Свет не горел в комнате Джонатана. От лунного сияния, отраженного снегом за окном, накрахмаленное постельное белье испускало собственное свечение. Джонатан сидел в темноте. На коленях у него лежал пистолет, который оставил ему Поуп, тяжелый и неуклюжий из-за глушителя, придававшего оружию вид какого-то мутанта из скобяной лавки. Забирая его у стойки (при виде коробки конфет в подарок от мужчины мужчине администратор выразительно выгнул брови), Джонатан узнал, что Поуп отбыл в Соединенные Штаты, получив первую медицинскую помощь, необходимость которой возникла после того, как он, по его же словам, — изобретательности Поупа оставалось только позавидовать — поскользнулся в ванной несколько раз подряд.

Хотя перед восхождением определенно надо было поспать, Джонатан не рискнул принять таблетку.
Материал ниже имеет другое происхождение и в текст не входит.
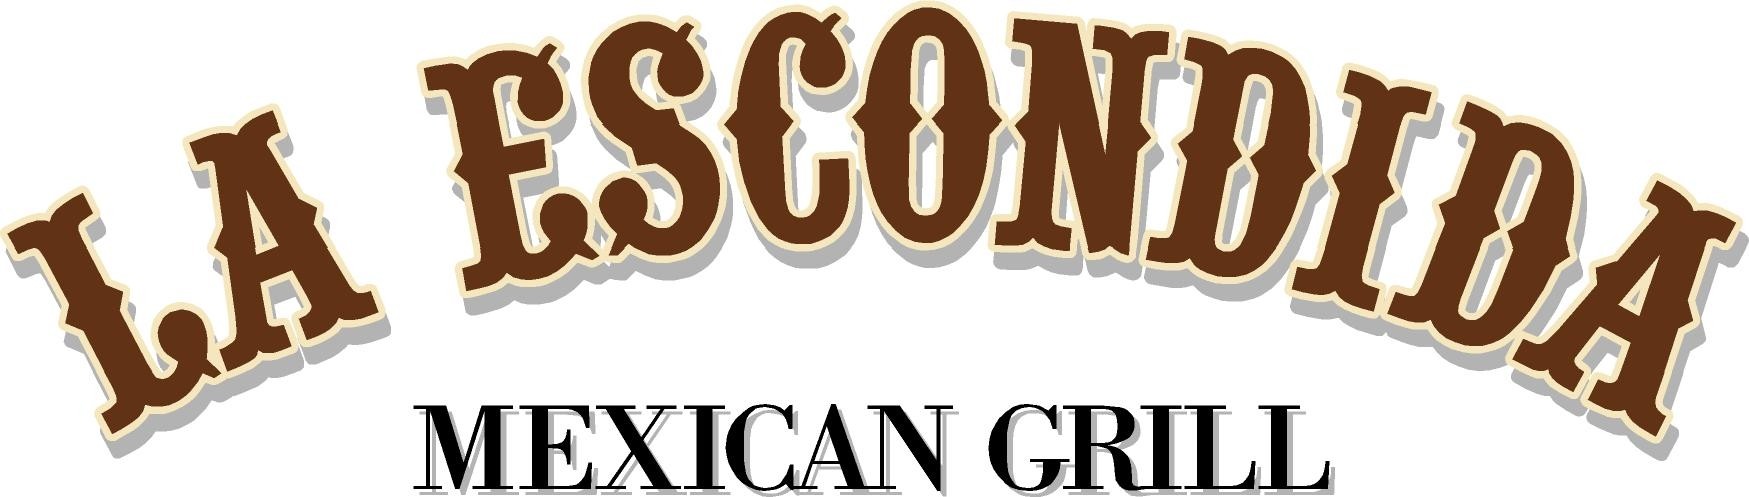 La Escondida Mexican Grill Missouri City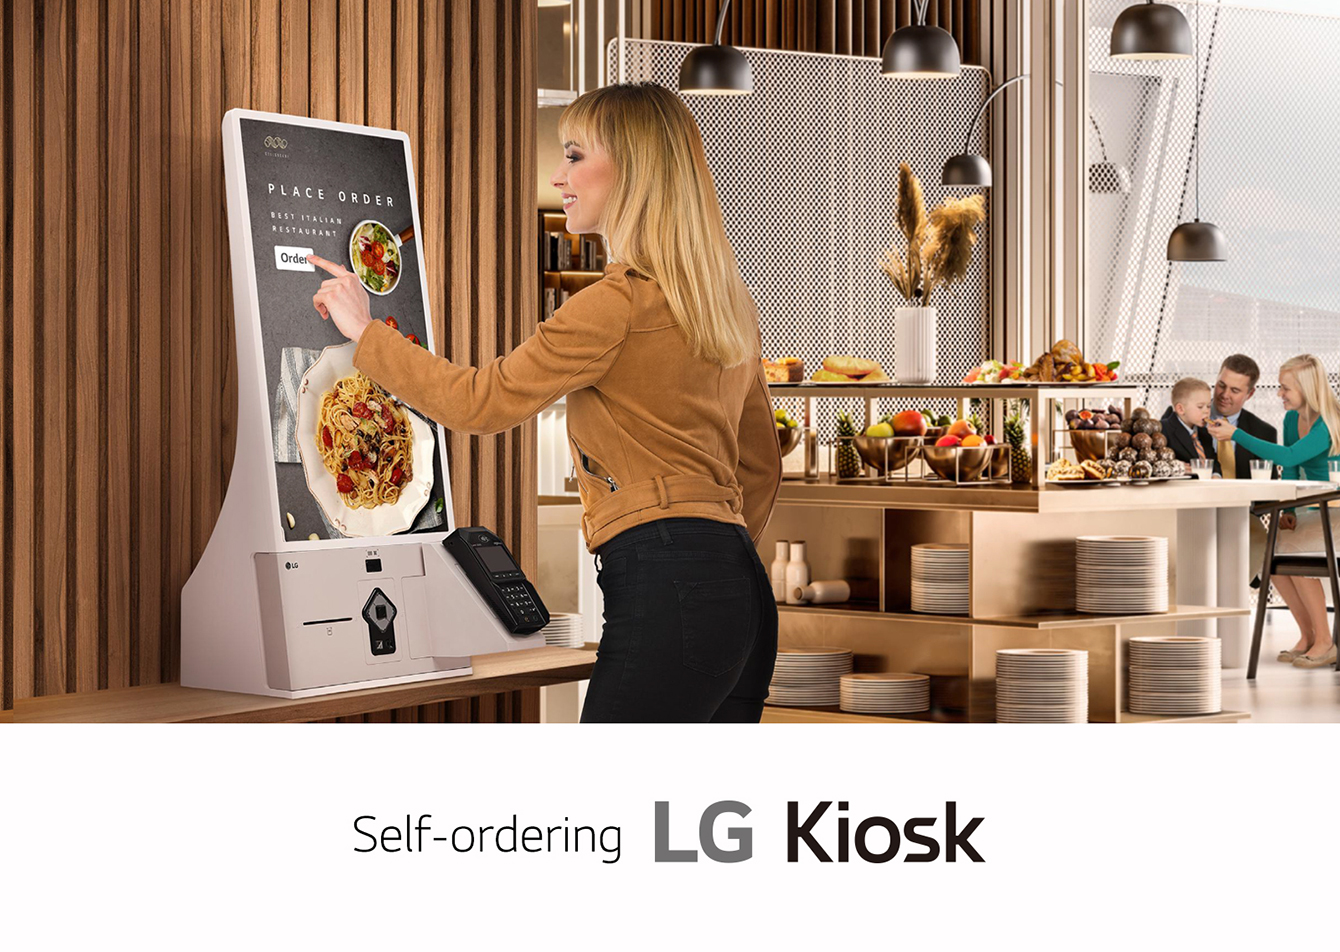 LG Self-ordering Kiosk

Этой ночью у объекта будет последний шанс нанести упреждающий удар — если только он не решил подождать, пока они не окажутся на скале. Хотя убийство одного из участников столь опасного восхождения поставит под угрозу жизни остальных, оно не вызовет никаких подозрений и не оставит никаких следов. Все зависело от того, насколько объекту хватит решительности — и сообразительности.

Но какой смысл сидеть и трепыхаться по этому поводу! Джонатан резко поднялся с кресла и развернул спальный мешок напротив двери, чтобы силуэт каждого входящего был четко виден на фоне света в коридоре. Забравшись в мешок, он снял револьвер с предохранителя и взвел курок, чтобы не пришлось издавать эти два звука позднее, когда любой звук будет, возможно, иметь решающее значение. Он положил пистолет на пол возле себя и постарался заснуть.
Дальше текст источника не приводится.